─── Material for the task ───
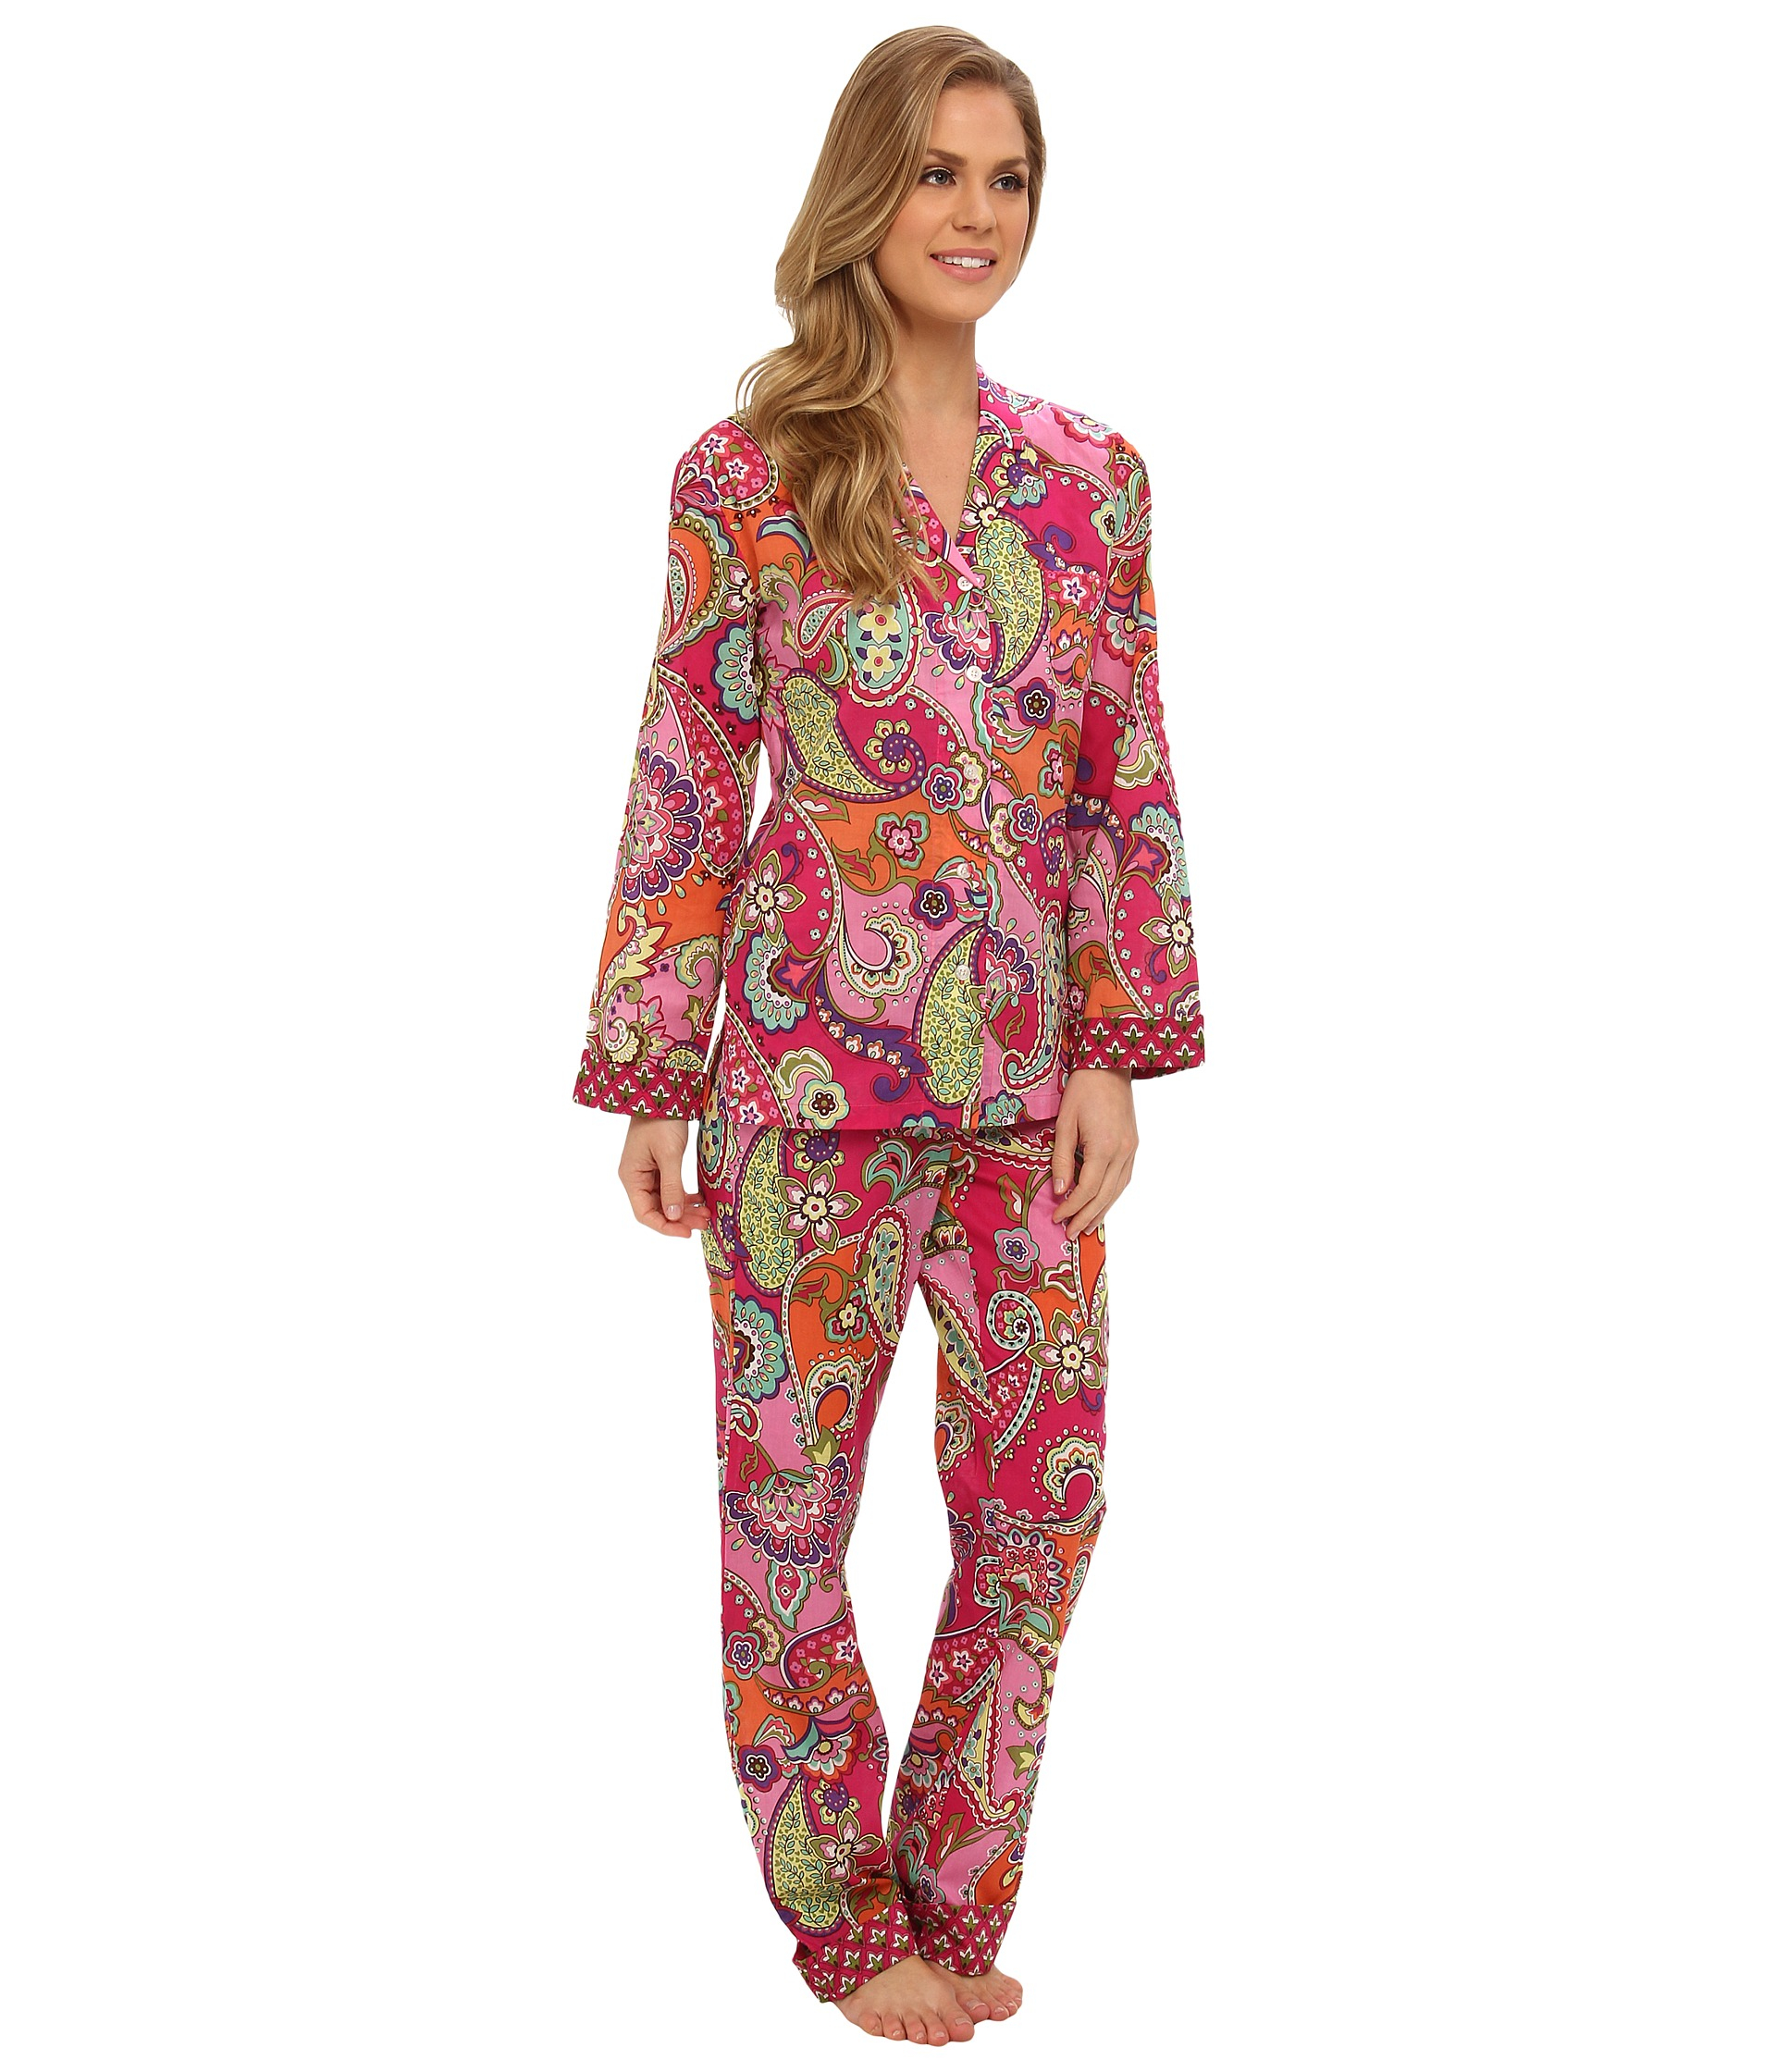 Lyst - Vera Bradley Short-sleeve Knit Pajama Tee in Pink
───
─── Material for the task ───
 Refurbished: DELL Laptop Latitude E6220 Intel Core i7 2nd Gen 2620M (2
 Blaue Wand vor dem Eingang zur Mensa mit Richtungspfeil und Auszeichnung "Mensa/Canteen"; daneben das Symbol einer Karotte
───
─── Material for the task ───
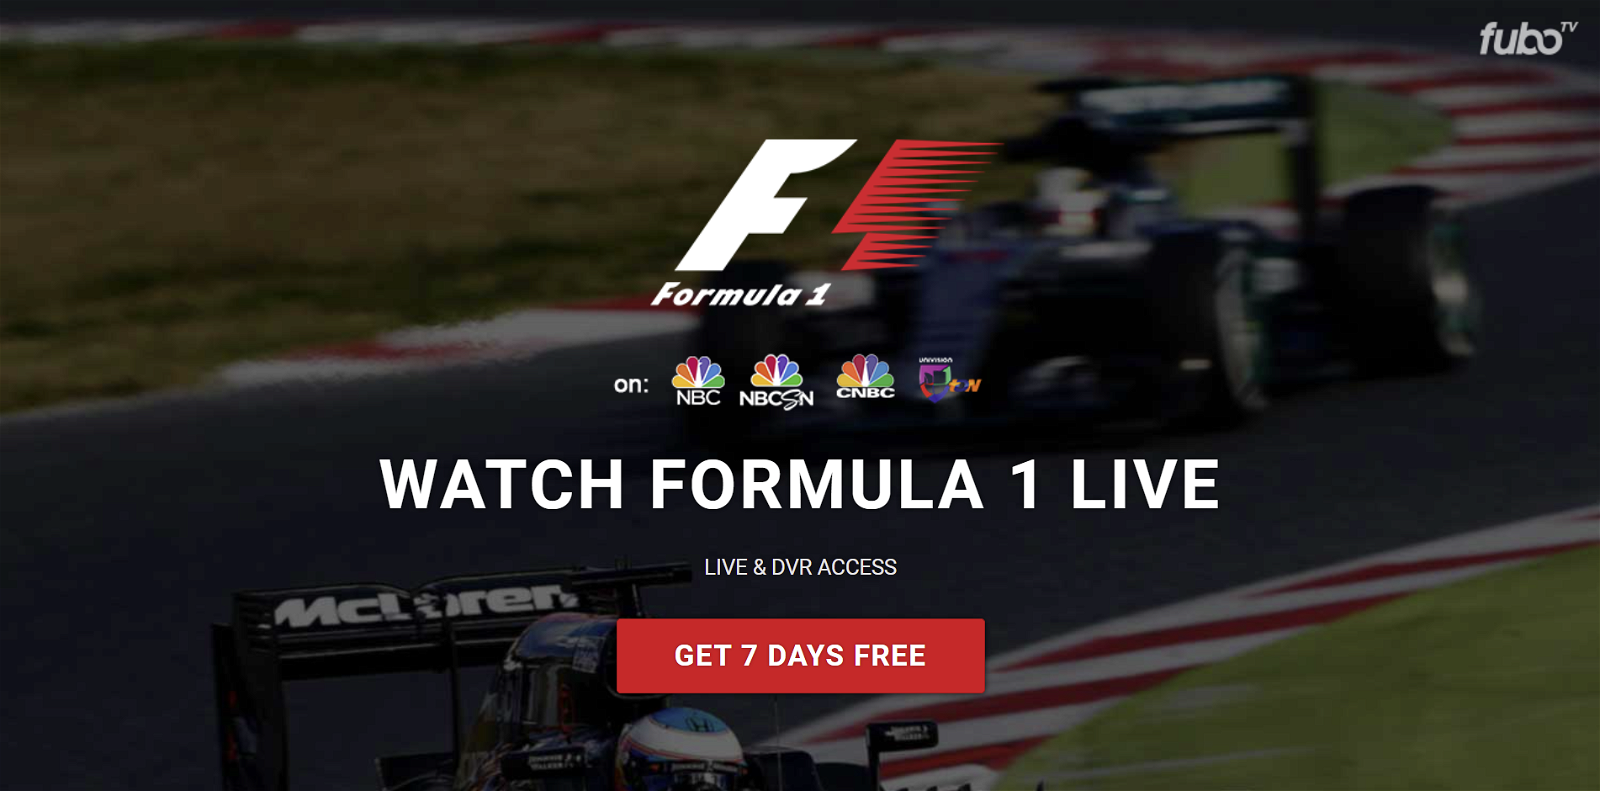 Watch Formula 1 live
───
Exercise details: Your task for the entries above: copy exactly the span starting with the line with "Refurbished: DELL Laptop" and going on through the line with "Blaue Wand vor", both lines included, and nothing else.

Exercise solution:
 Refurbished: DELL Laptop Latitude E6220 Intel Core i7 2nd Gen 2620M (2
 Blaue Wand vor dem Eingang zur Mensa mit Richtungspfeil und Auszeichnung "Mensa/Canteen"; daneben das Symbol einer Karotte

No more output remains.